Starting at the top line, print the entries below exactly as they are and skip every picture.
═══ Material for this task
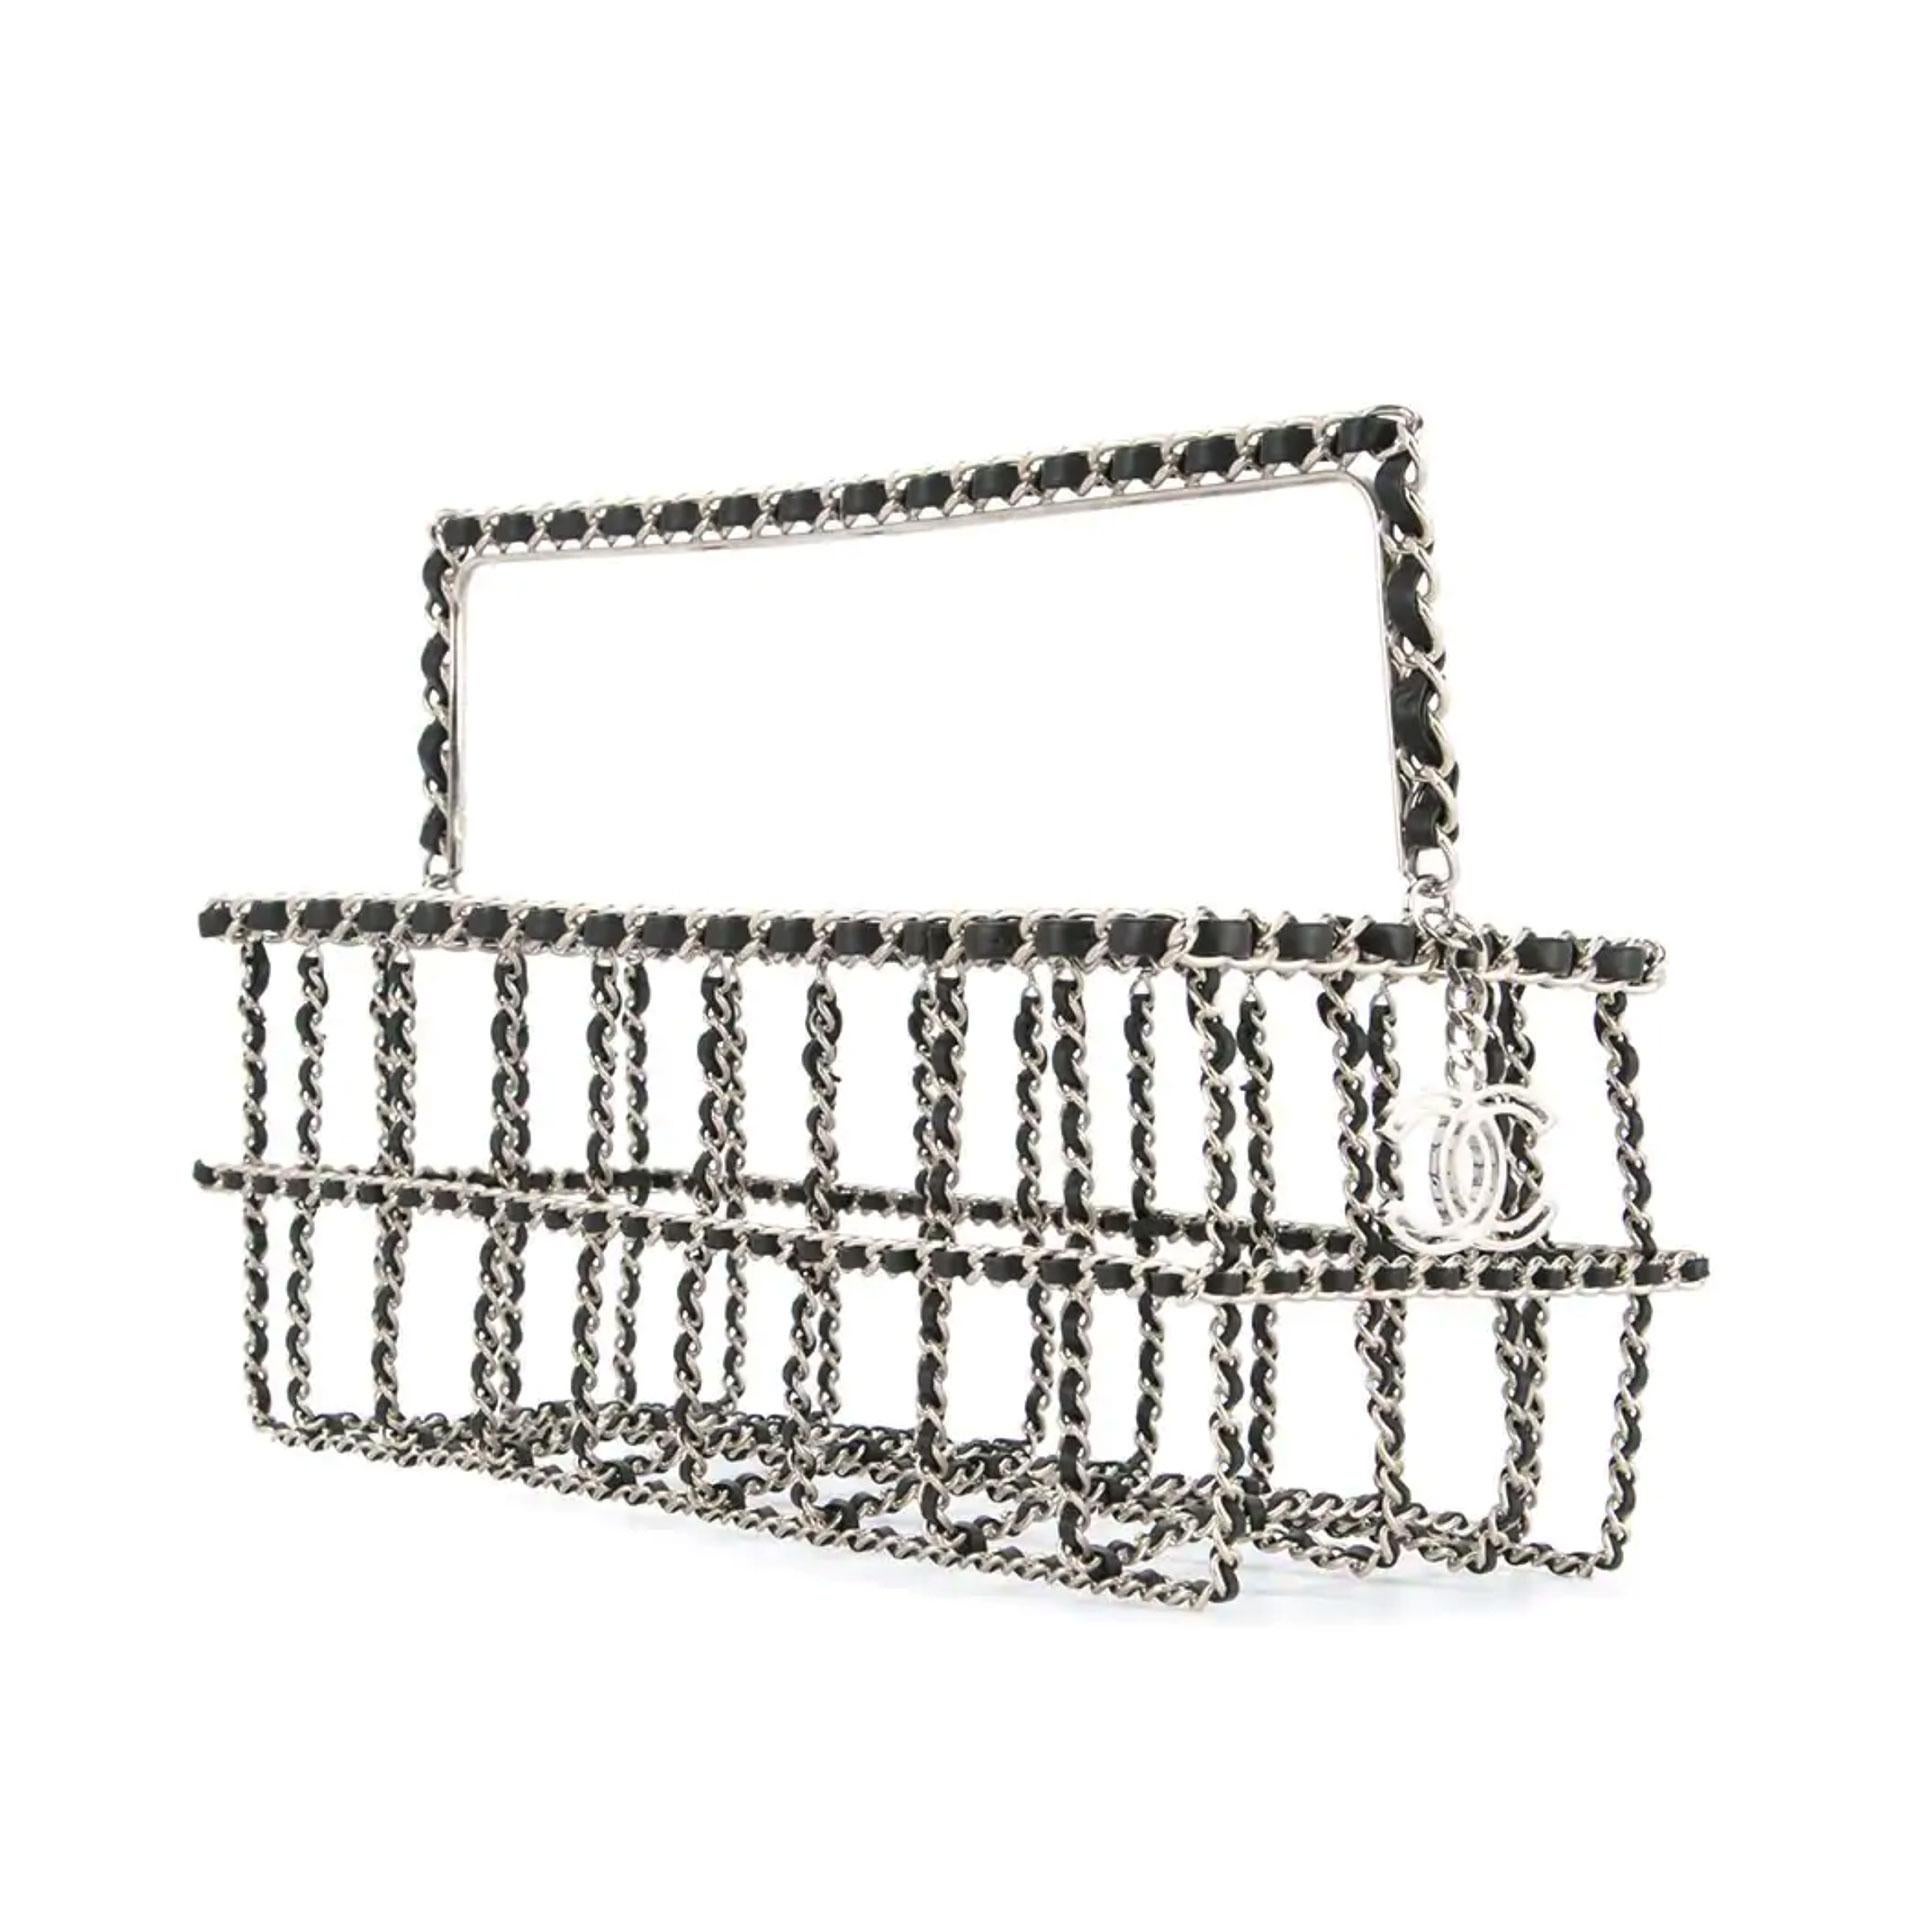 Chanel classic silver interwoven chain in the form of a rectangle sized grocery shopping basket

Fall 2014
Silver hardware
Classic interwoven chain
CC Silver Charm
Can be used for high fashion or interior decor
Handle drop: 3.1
══════
• **Expected output**:
 Chanel classic silver interwoven chain in the form of a rectangle sized grocery shopping basket

Fall 2014
Silver hardware
Classic interwoven chain
CC Silver Charm
Can be used for high fashion or interior decor
Handle drop: 3.1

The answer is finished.